Our town has a single shopping street: butcher (my mate, Steve McQueen/soul enthusiast), florist who sells fresh veg, greengrocer, up-market drink shop with umpteen varieties of malt whisky, three bakers (of the banal English type) - all within a couple of hundred yards of one another. I go to the Co-Op for pizza, toastie bread and orange juice. There is also Holland and Barrett for vitamins and cranberry juice. And two dodgy pubs.
Aussie girls are fatties now too, even fatter than Americans according to the media. Too many people sit on their bums instead of exercising, and too many people are over eating and over eating foods which aren't good for them. l never used to see many fatties decades ago, and very few young people were fat Now many young people are fatties.
So you guys have plenty of cooking programs too.

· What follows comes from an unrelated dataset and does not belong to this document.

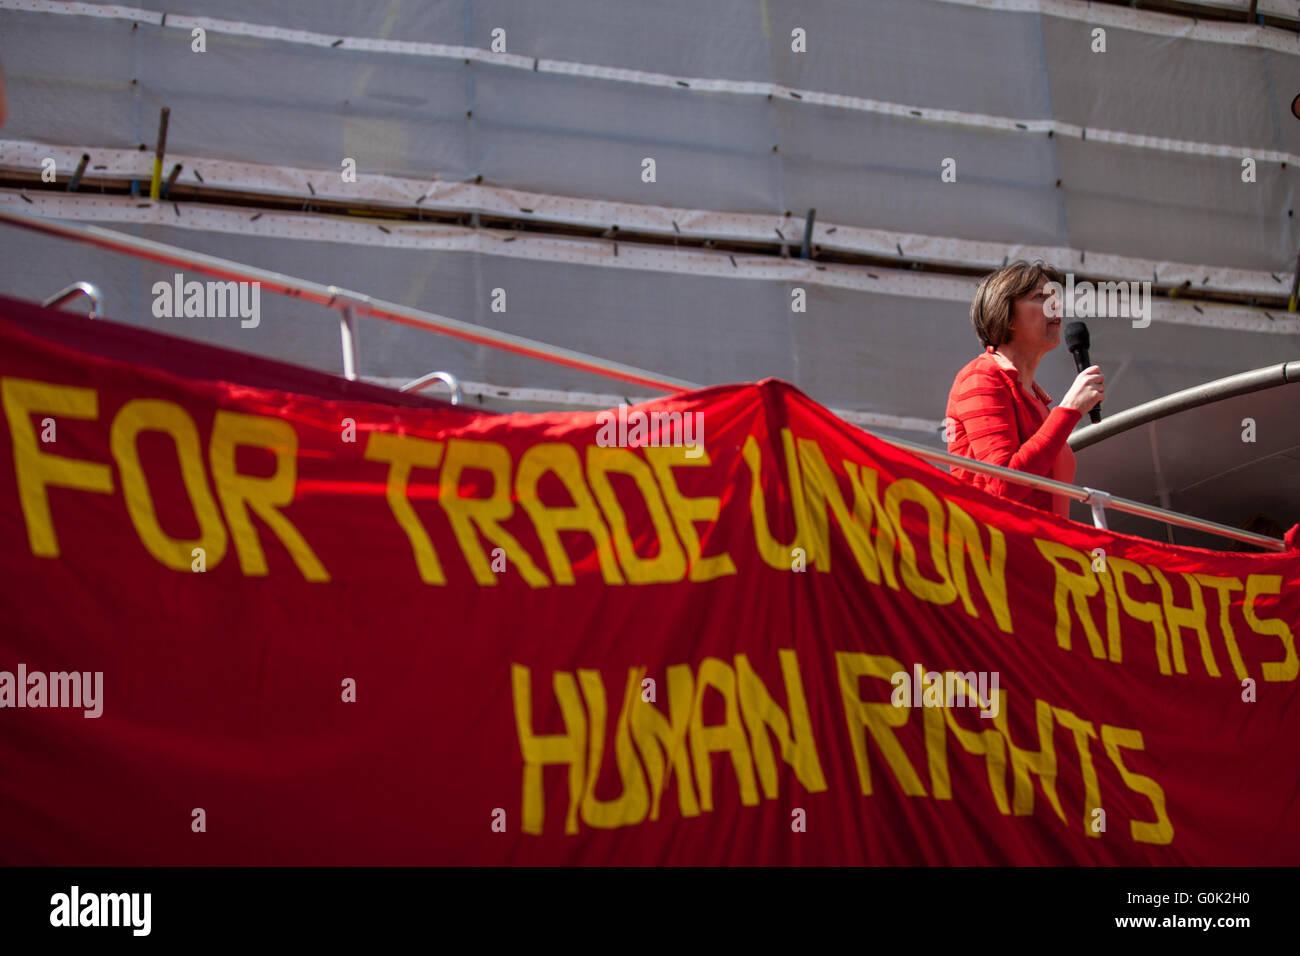 London, UK. 1st May, 2016. Frances O'Grady, General Secretary of the British Trades Union Congress (TUC), addresses - Stock Image

Such wankery. l have no time for foodies, cooking shows or restaurants....they all suck! lf l had my way there would be no such thing.
Foodies should be shot and cookery programmes banned from the airwaves. Nice, unpretentious Italian resturants are spiffing.
lf l go to a restaurant l take my own food. l don't trust any strangers to prepare my food because there are many cases of food poisoning, even good places have outbreaks occasionally. No-one cares if l bring my own. l bring a big salad and get the restaurant to serve it. l think restauants that cook and season food completely suck...why the heck would restaurants do such dumb shit?? l strongly oppose such nonsense and have for years.
Last edited by The_Shooman (2011-11-27 02:51:51)
British womern are wonderfull ! so buxom,curvy,fleshy,with magnificent big breast and superb prosperous booty!
Ah,stupende!!
A) My cousin is on a cooking show, and she's very cool
B) I have noticed that many of the women who are obsessed with food rarely seem to eat any.
C) The fattest women in the world may be seen at the Kmart in Torrington, Conn. And the bigger the caboose, the louder the color of the stretch pants.
D) To be fair, American men are pretty enormous too. And the response is not to change the diet and get some exercise, but to grow one of those little toilet seat beards, wear cargo pants and floppy football jerseys, and buy yellow Corvettes.
Last edited by Liam Mac (2011-11-28 04:36:09)
The foil-lined hat beckons!
What an ugly topic. Look in the mirror those who cast aspersions. Obesity is an expression of ignorance is an expression of poverty, in its many diverse forms.
GG
It used to be an expression of affluence. The working class diet was so mundane many never developed much bone or muscle, let alone fat. Reading the surveys of Booth or Rowntree on London and York circa 1900 is quite an experience.
It is an ugly topic, true, but my female neighbour and her husband have a joint yearly income of about fifty thousand pounds.
Men badmouthing women - just horrible. Never any justification for this.
GG
Your female neighbours must be models of virtue and restraint. No harsh words about, say, Baroness Thatcher?
John, my wife is a big girl. Big-hearted, too. A good wife and mother.
More like the No.6 behind the bike-sheds team.
SMF- You're probably right. I think he is putting us on to an extent but he's got some pretty far out ideas that he's obviously thought long and hard about which makes me think he's fairly serious too. I just don't want to encourage this nonsense.
Harpo- I think they are trying to convince people they have a jawline. It's the same with guys with a weak or very prominent chin.
Liam, are you talking about me or 'Right On John'?
I dislike men far more than I dislike women, whatever their proportions. John is just doing a trendy Stoke Newington act. I bet he has several different varieties of lentils within easy reach.
Not you Andy. I have all thetime in the world for your posts, even the far out ones.
I love lentils. I prefer them to people.
I hate lentils. But I prefer them to mung beans.
Gibson Gardens is sui generis on 'Talk Ivy'.